По мнению Бердяева, марксистский максимализм – это самая ярая, самая последовательная разновидность мещанства – ибо в марксистском максимализме мещанство находит свое наиболее концентрированное выражение{788}. Большевистская ненависть к буржуазии – одна из важнейших движущих сил большевизма – в действительности является родом зависти к конкуренту. Ведь пролетариат – никоим образом не антипод буржуазии. Пролетариат – это потенциальная буржуазия, равно как и сама буржуазия в конечном итоге – насытившийся пролетариат. Уже в 1863 г. Герцен осознавал, что работник любой из стран – будущий мещанин{789}. Бердяев писал, что антипод мещанина – это странник, искатель, который в этом мире чувствует себя временным пришельцем; у него нет ни своего града, ни домашнего очага, он стремится в «грядущий Град». Можно сказать, что в революции русская отгороженность от мира преодолела сама себя.
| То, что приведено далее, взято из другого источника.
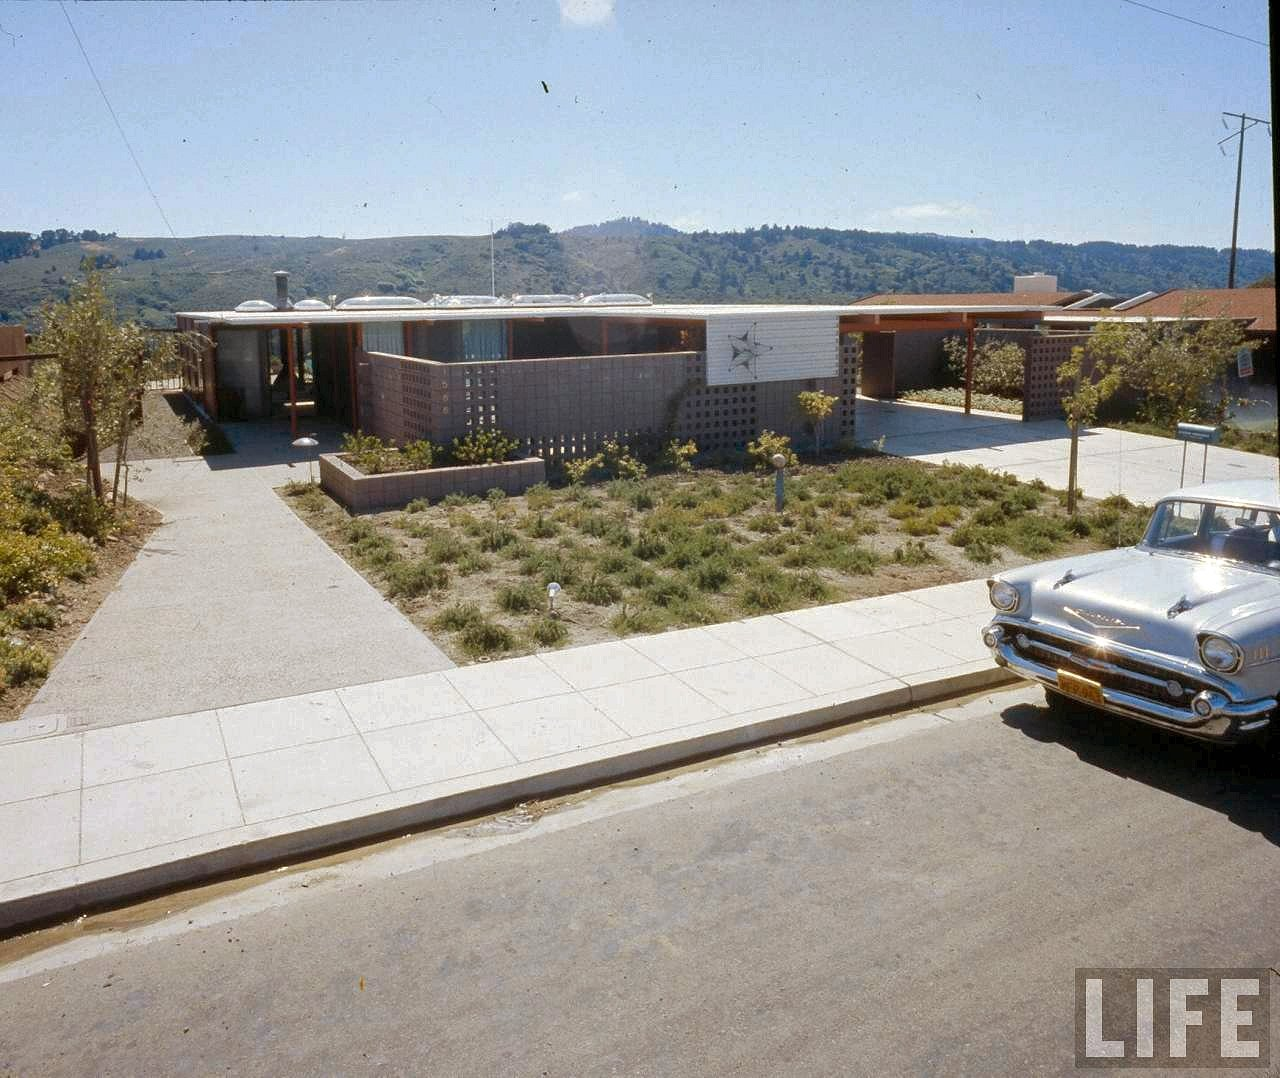 A. Quincy Jones \u0026 Frederick E. Emmons \u2013 X-100 1586 Lexington Ave. San Mateo CA \u2013 1956 & MidCentury Architecture | Celebrating the creative period of modern ...

С одной стороны, страннический порыв стал одной из идеологических предпосылок антикапитализма, с другой – жертвой сталинизма. Ханс Мюлештейн охарактеризовал победу марксизма в России как «разрушение последнего сохранившегося целостного реликта христоверующего [christusgläubigen] средневековья…»{790}. В действительности его изнутри сокрушил грядущий и вечный мещанин-хам, скрывавшийся под хилиастической маской «революционера»{791}. Видение Хомякова (с. 167) воплотилось в жизнь с точностью, да наоборот: мещанство одержало победу и в России. В сталинскую эпоху русский человек был связан узами повседневности, приобретательства и собственности крепче, нежели в какую бы то ни было эпоху русской истории. Так называемый «новый человек», созданный «коммунизмом», может быть, и нов в контексте русской истории. И, однако же, он стар как мир – это не кто иной, как вечный мещанин.